C'est la première fois que je vois les coûts engendrés par un catalogue de Vente Sur Offre (on utilise plus volontiers le sigle VO en philatélie). Il est possible que ce catalogue ait un prix de revient nettement supérieur à la moyenne des catalogues de VO, notamment si chaque pièce est photographiée (étant donné qu'une pièce n'est pas plate, il faut sans doute la photographier avec un éclairage adéquat, et non pas la scanner) et reproduite. Mais ça donne quand même une idée de ce que coûte un catalogue de Vente sur Offre ! Et tout l'intérêt des ventes aux enchères sur le net, où les coûts de mise en vente sont nettement plus réduits (et logiquement le pourcentage que prend le site est loin des 20% !). A noter également que lors de la publication des résulats des VO, le nombre d'enchérisseurs et l'enchère maximale sont données, ce qui est instructif même si en temps qu'acheteur je ne serais pas sûr d'apprécier !

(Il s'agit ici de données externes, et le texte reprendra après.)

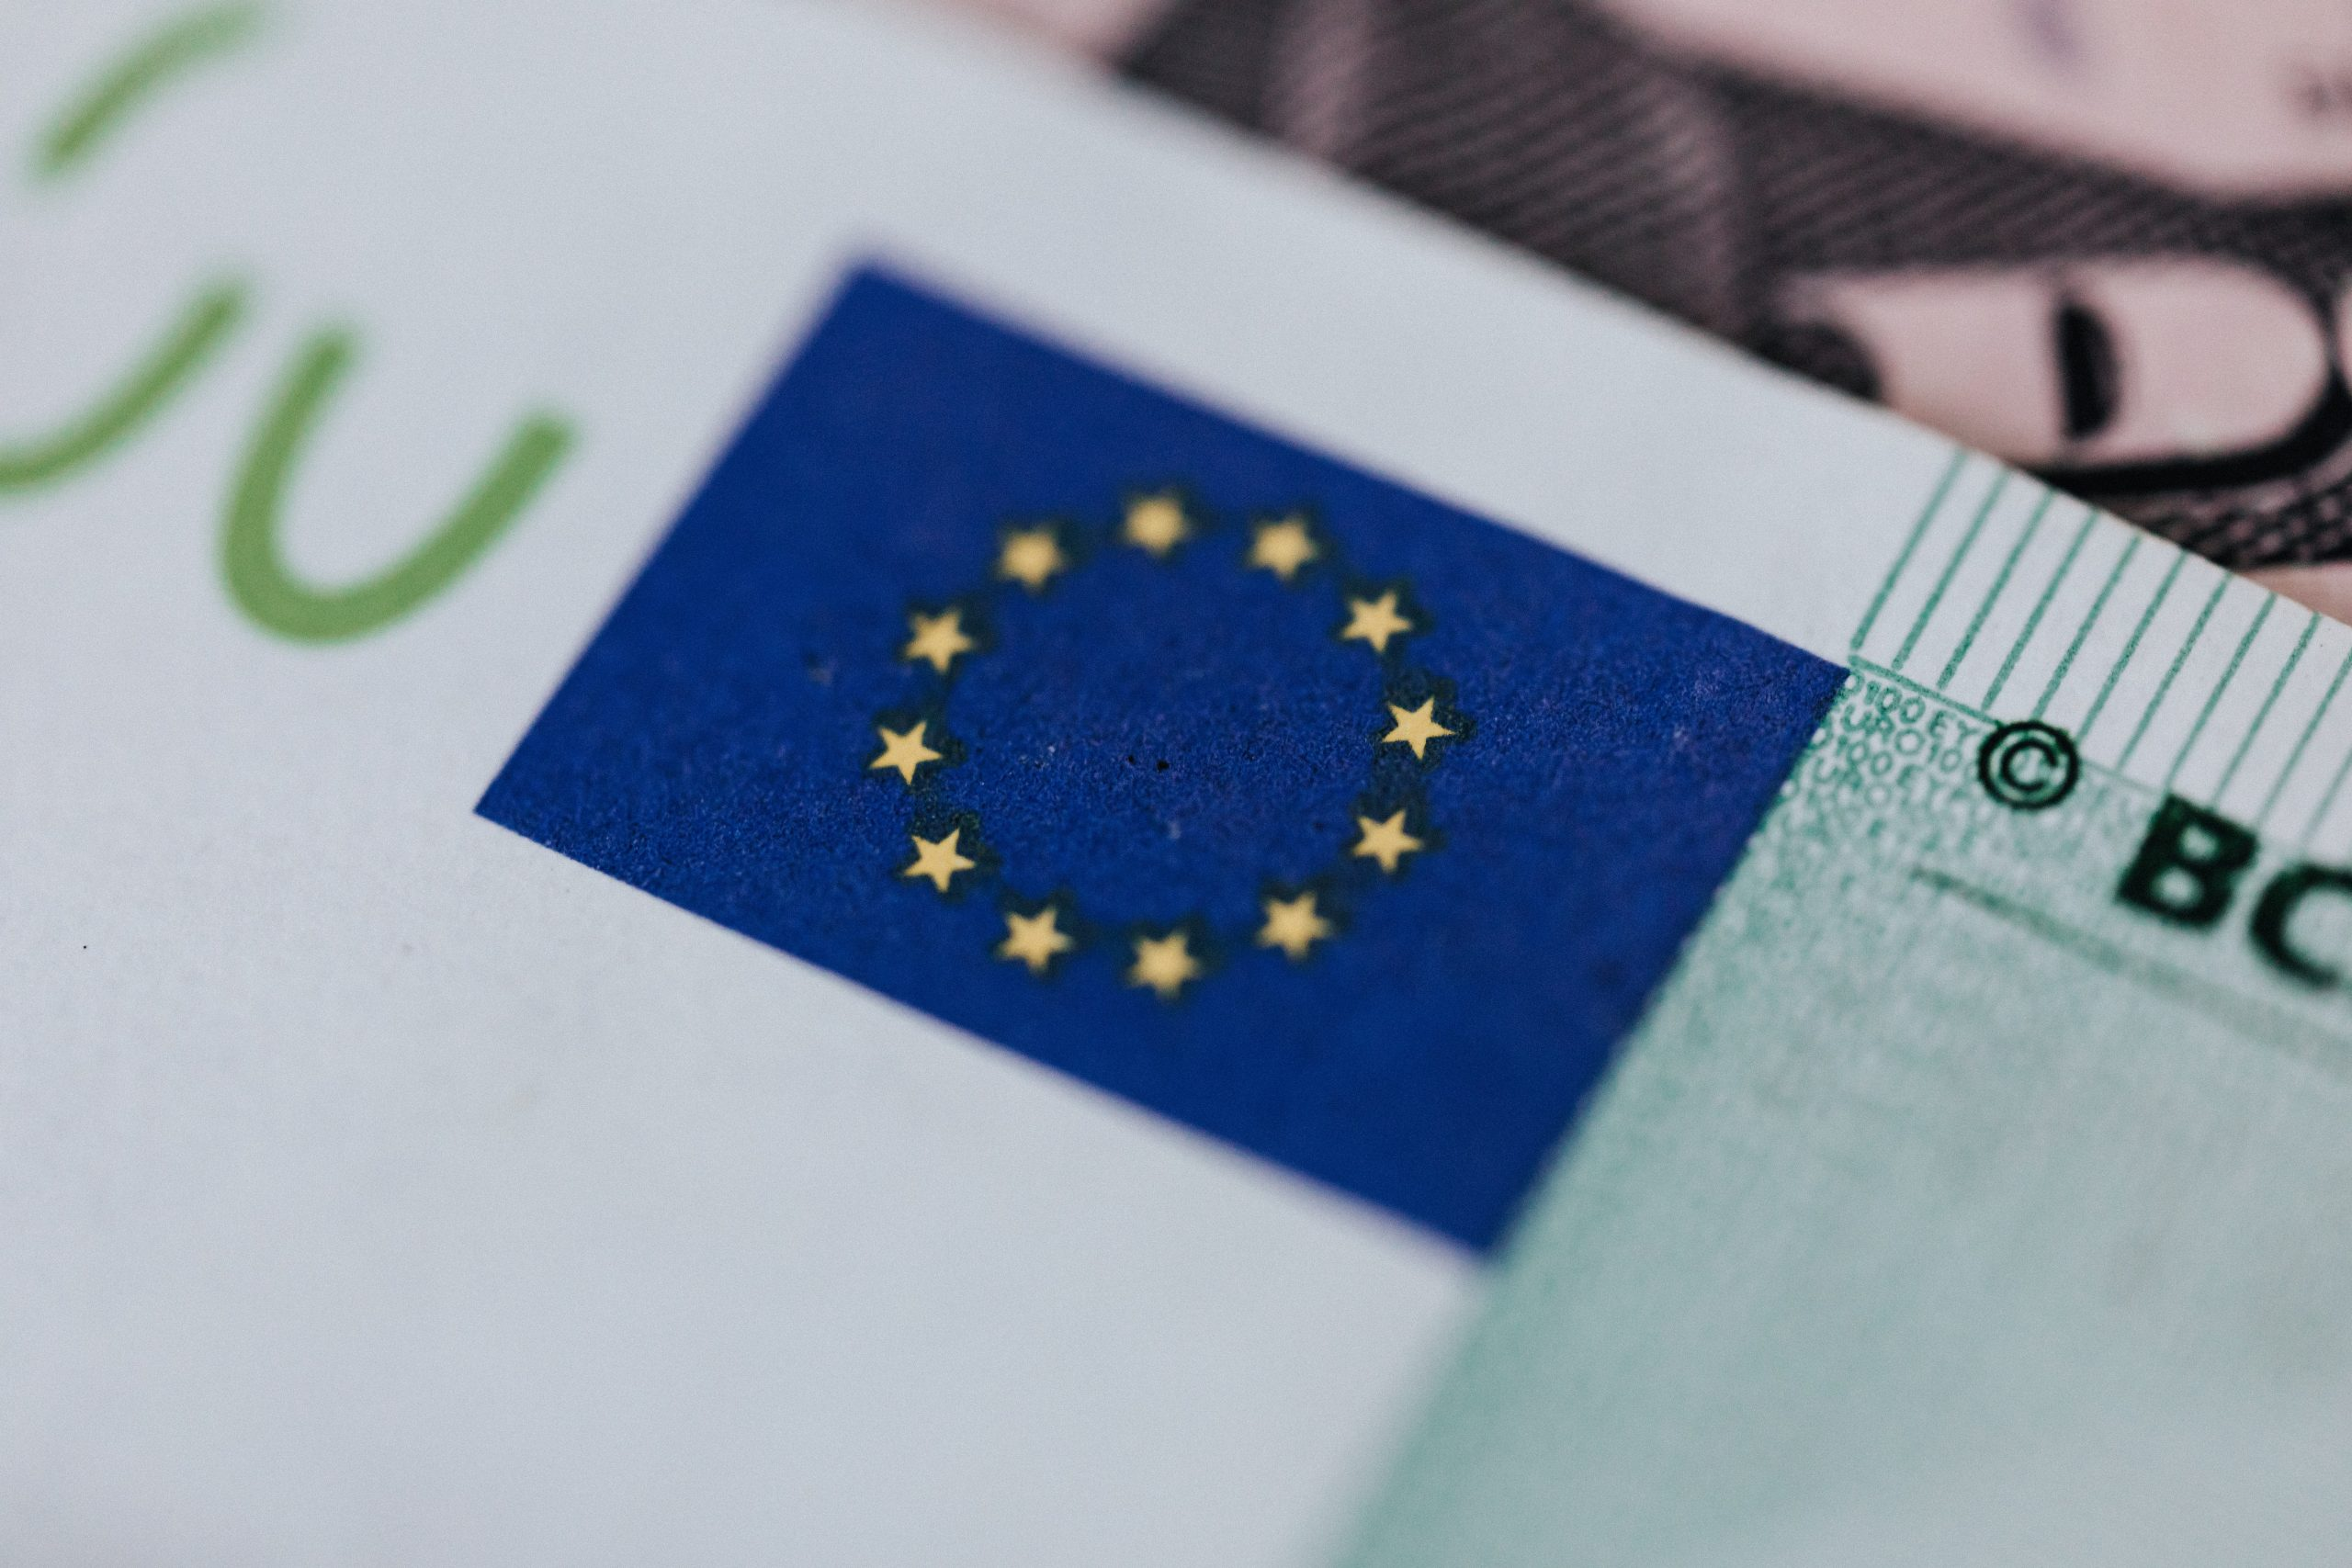 L'économie européenne subit une chute record de 11,9 % du PIB

La vraie réponse est : n'achetez jamais des monnaies banales en état banal, que tout le monde a déjà en collection, sauf à vil prix. N'achetez jamais de monnaies sans intérêt, en particulier, pour simplement boucher un trou.

Ce qui est vrai pour la numismatique l'est aussi pour la philatélie : quand on dépense du "vrai argent" (pour reprendre une expression anglaise, "real money"), ce doit être pour des documents rares et - dans la limite de ce qui existe - en très bon état ! La notion d'état est très importante en numismatique, une pièce FDC (Fleur de Coin) doit non seulement ne pas porter la moindre trace de coup (même à la loupe) ni même de manipulation, mais doit avoir été particulièrement bien frappée à l'aide d'une matrice neuve qui restitue tous les reliefs. L'équivalent en philatélie serait de donner une plus value encore plus importante à un timbre centré parfaitement, mais aussi particulièrement bien imprimé et de couleurs vives (et sans charnière je suppose). L'exigence de qualité fait qu'en pratique il est actuellement quasiment impossible de trouver dans des rouleaux neufs une pièce FDC, dans les conditions normales de fabrication les chocs sont la norme, ce qui fait que seules les pièces vendues en coffret FDC (avec un surcoût) par la Monnaie de Paris sont susceptibles de répondre aux critères stricts de qualité.

La notion de qualité est normée en numismatique, il existe différents niveaux : B, TB, TTB, SUP, FDC avec des niveaux intermédiaires signifiés par les nombres. Des certificats peuvent être délivrés. Pour avoir l'équivalent en philatélie, il faudrait un grand nombre de colonnes, par exemple pour les neufs sans charnières :
  1. B (Beau) : timbre décentré ou présentant des dents courtes ou un défaut de gomme
  2. TB (Très Beau) : timbre décentré, dentelure sans dents courtes
  3. TTB (Très Très Beau) : centrage moyen à bon, impression standard
  4. SUP (Superbe) : très bon centrage, impression et couleurs de très bonnes qualités
  5. FDC (Fleur De Coin) : centrage parfait, aucun défaut d'impression et couleurs fraîches
Une telle classification semble irréaliste, mais pourtant elle est appliquée dans les faits pour certaines émissions, en particulier dans les classiques : une dentelure et un centrage parfait (ou de grandes marges équilibrées pour un non-dentelé), une bonne qualité d'impression (premiers jours de tirage avant l'usure des planches), des couleurs vives, mais aussi un bord (ou coin) de feuille avec ou sans inscription sont tous des critères qui valorisent un timbre. Et la prime à la qualité peut atteindre des sommets, entre un 40c Bordeaux "standard" coté 450 neuf avec charnière chez Dallay, et un exemplaire jaune citron (coté 11 000 euros neuf avec charnière) ou rouge-sans foncé (coté 5850 euros), mais qui en plus présenterait une impression nette (les planches lithographiées s'usaient vite !), de larges marges, une gomme intacte, la cote serait sans doute nettement dépassée (si un tel timbre existe !).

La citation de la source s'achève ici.